■ **Problem**
Repeat the data exactly. Pictures are not part of the copy.

■ **Provided data**

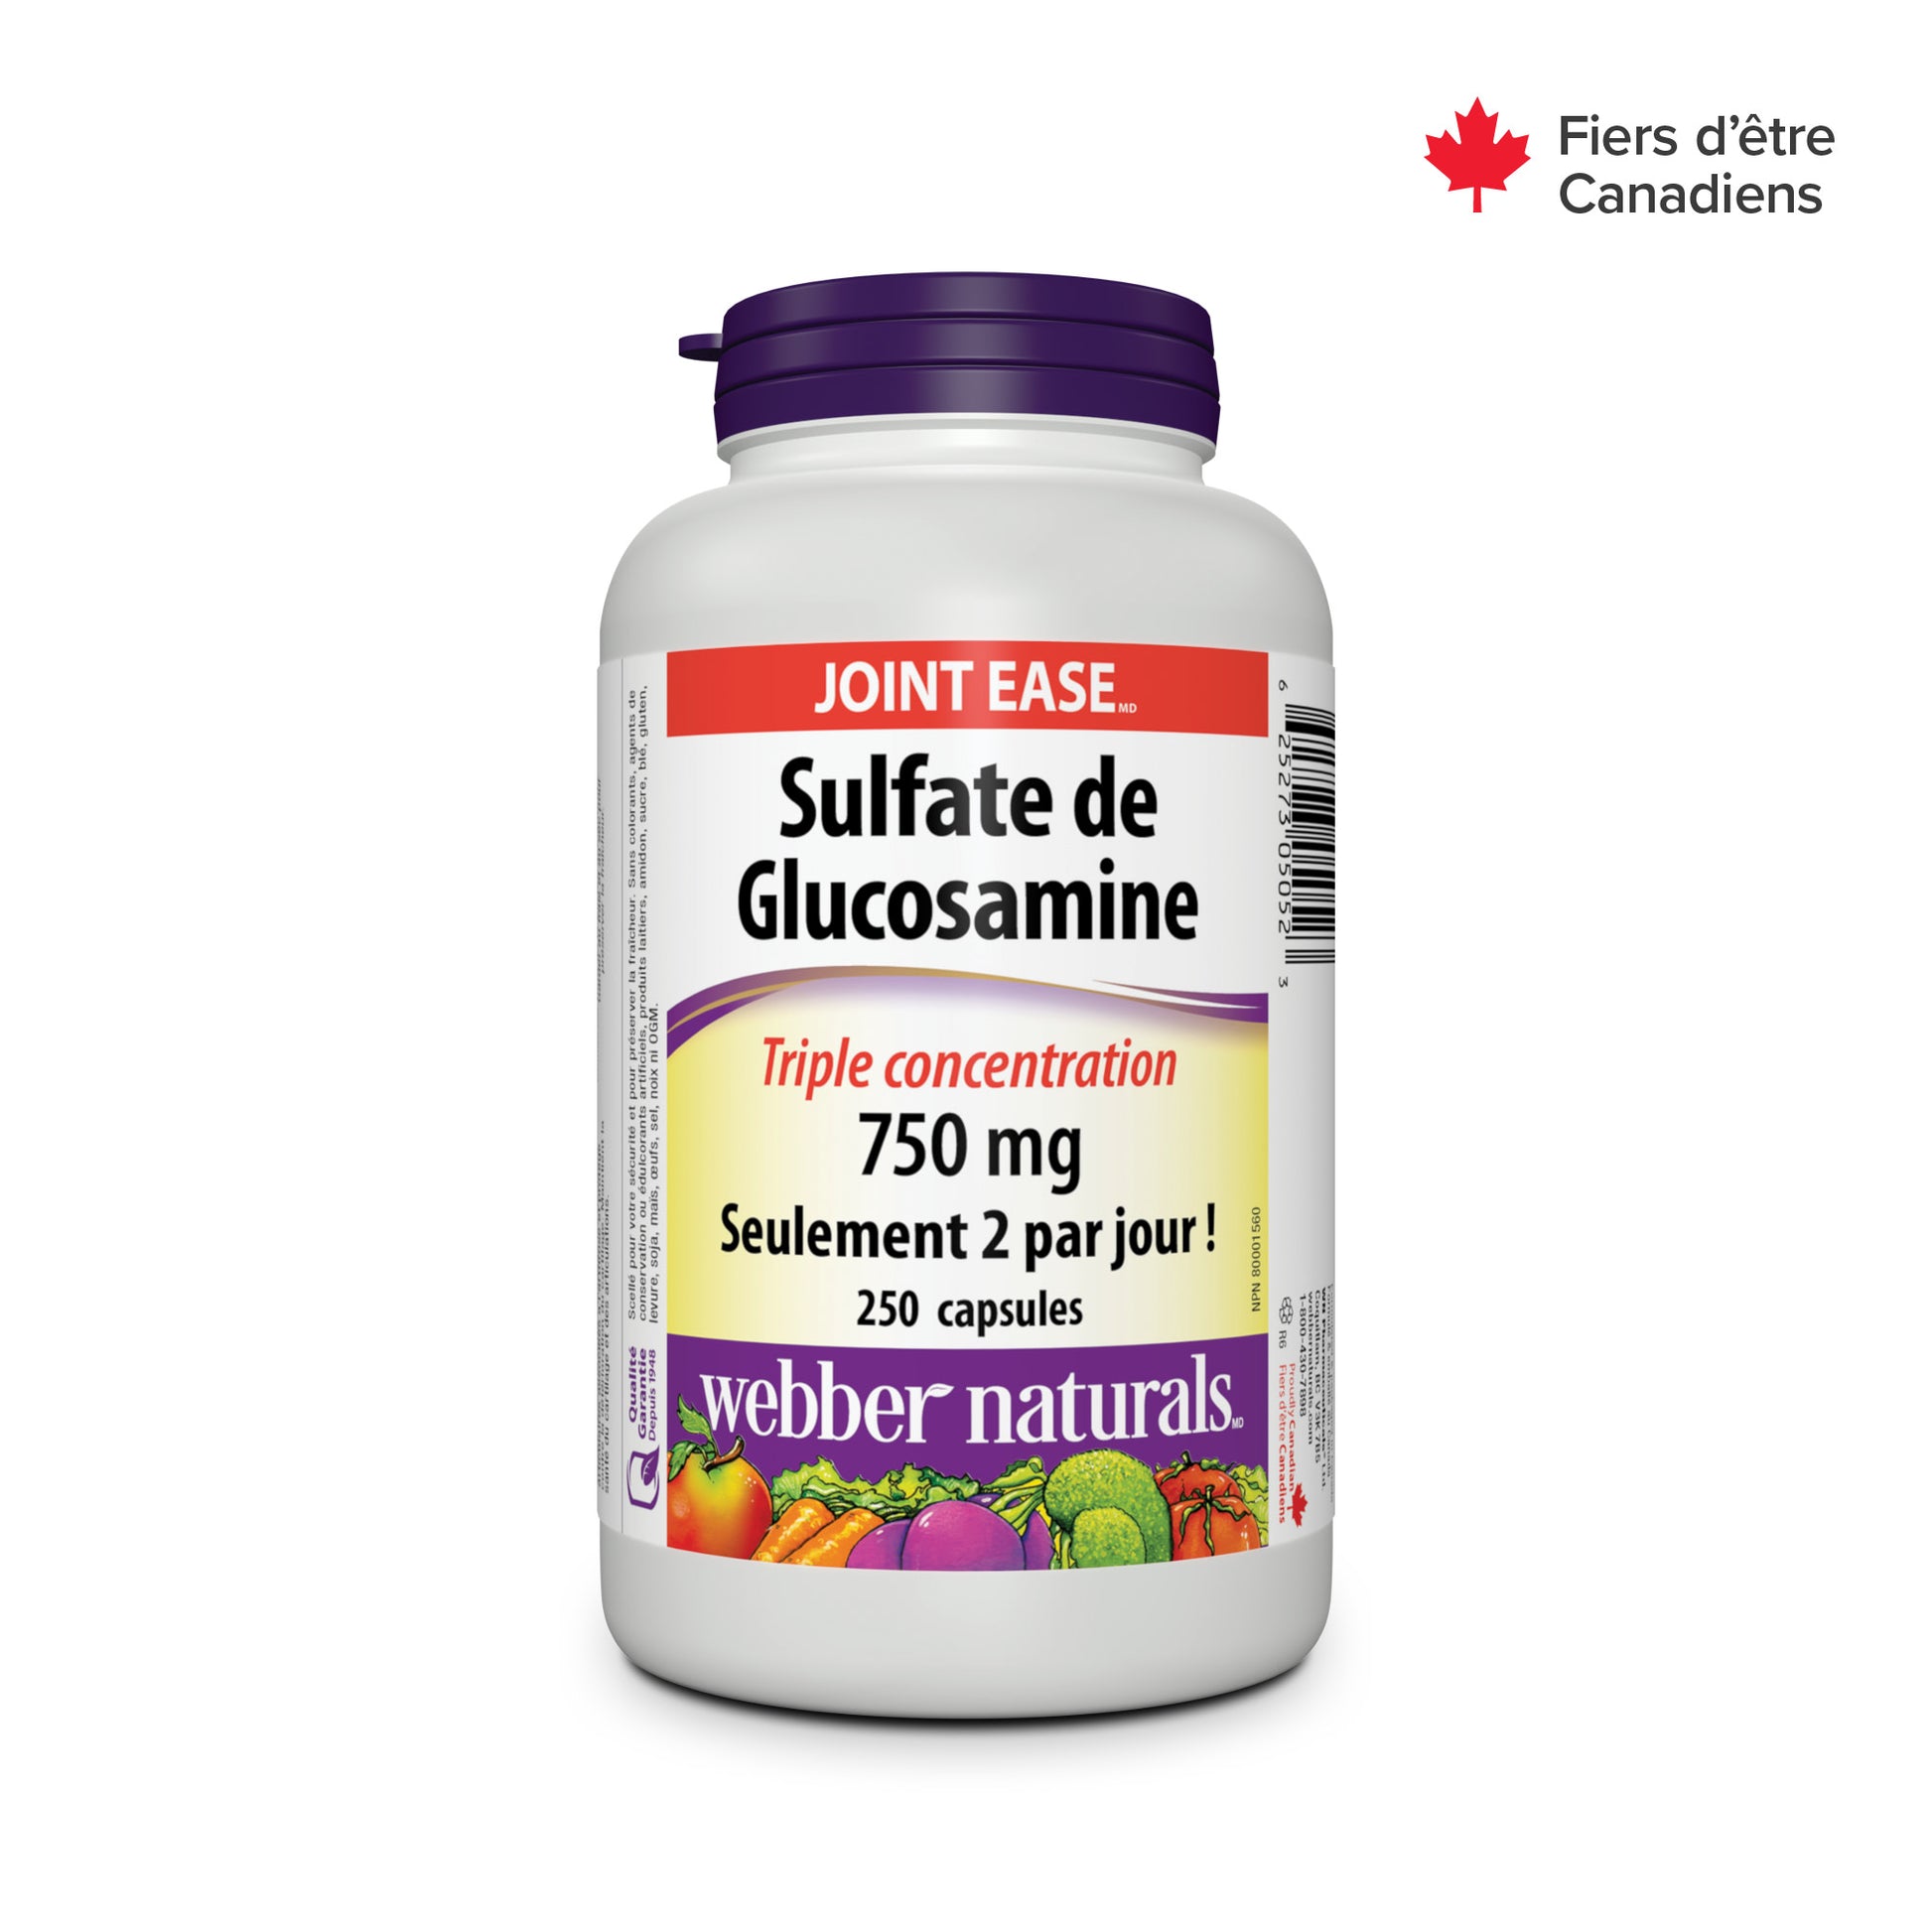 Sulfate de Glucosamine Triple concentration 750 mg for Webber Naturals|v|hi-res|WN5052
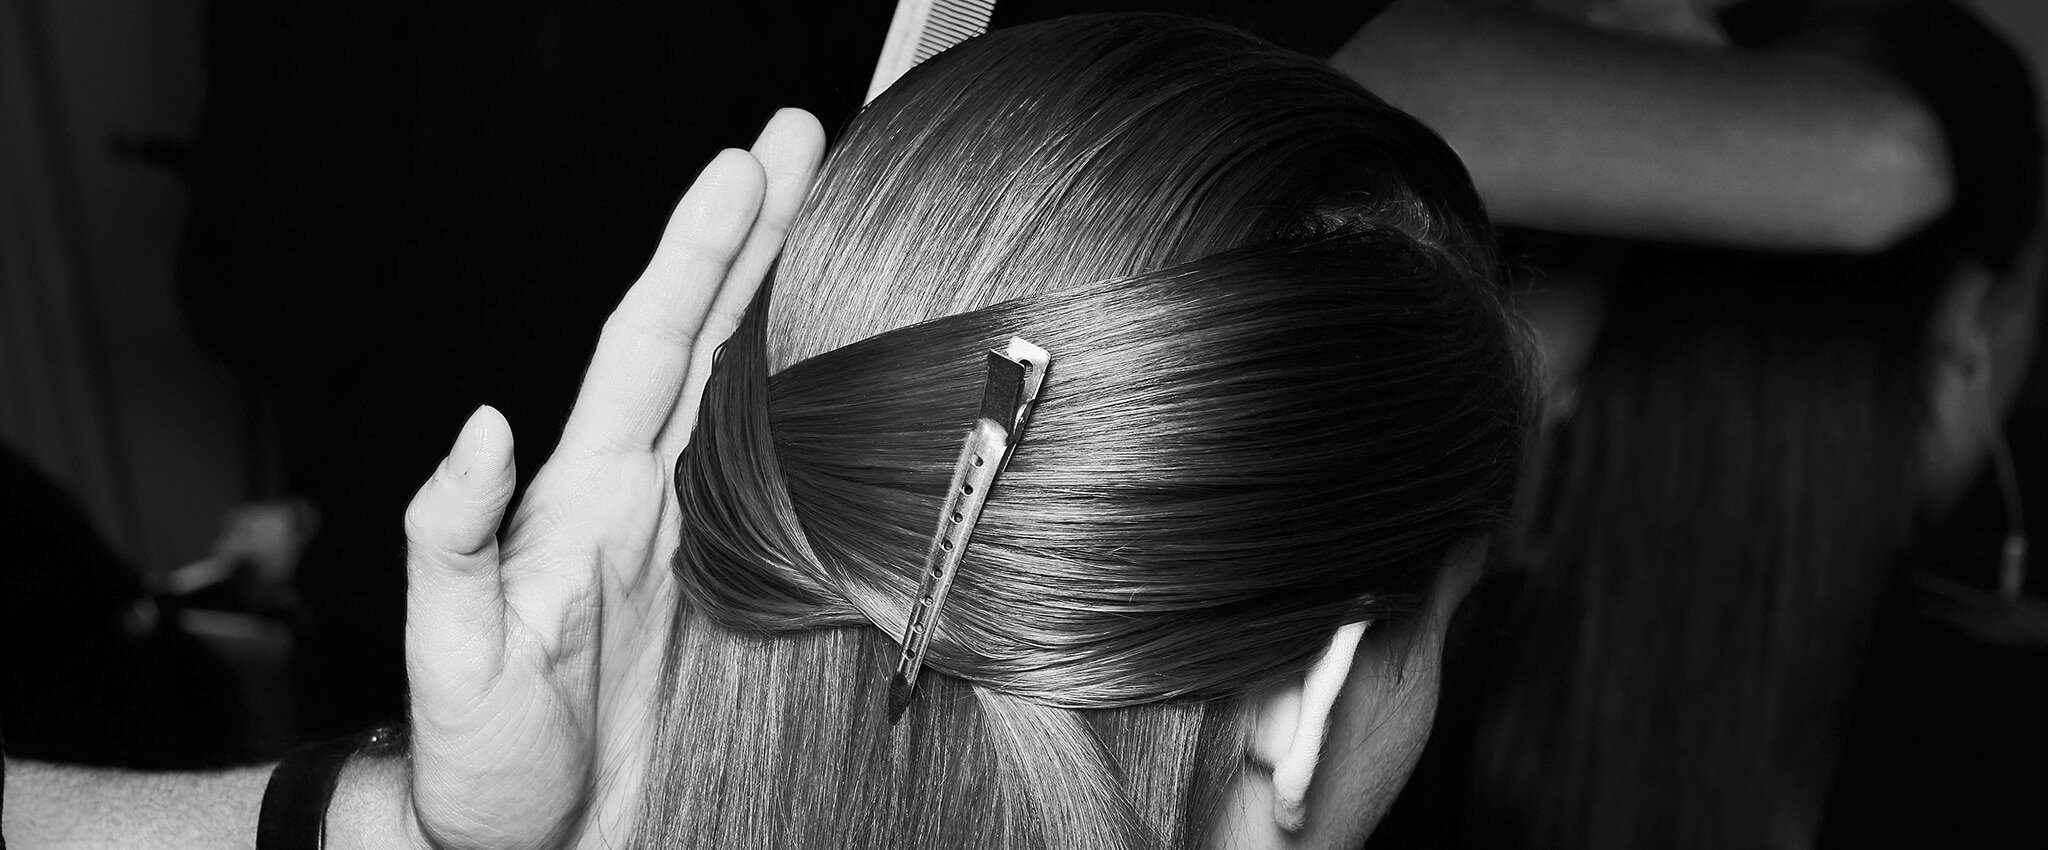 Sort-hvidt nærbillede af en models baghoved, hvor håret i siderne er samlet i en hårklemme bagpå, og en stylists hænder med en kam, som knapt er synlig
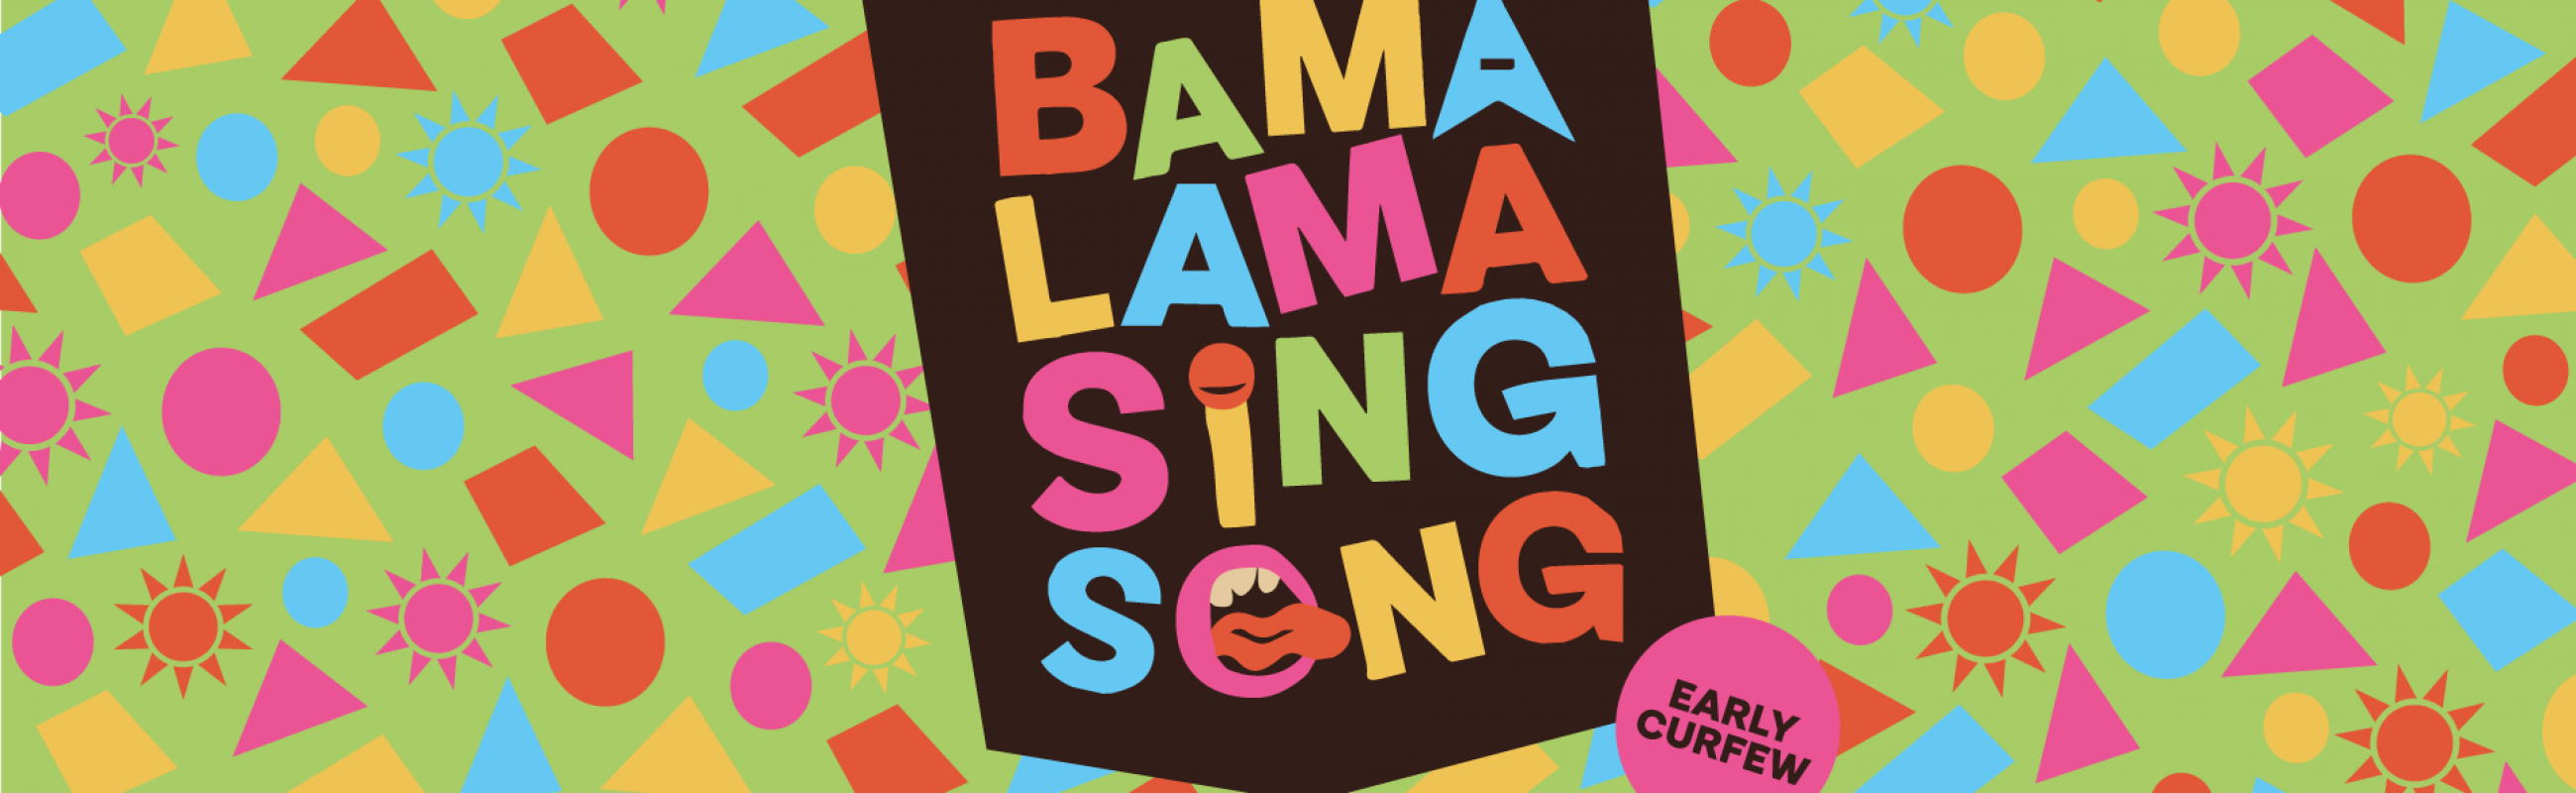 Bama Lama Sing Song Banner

■ **Response area**
 Sulfate de Glucosamine Triple concentration 750 mg for Webber Naturals|v|hi-res|WN5052
 Sort-hvidt nærbillede af en models baghoved, hvor håret i siderne er samlet i en hårklemme bagpå, og en stylists hænder med en kam, som knapt er synlig
 Bama Lama Sing Song Banner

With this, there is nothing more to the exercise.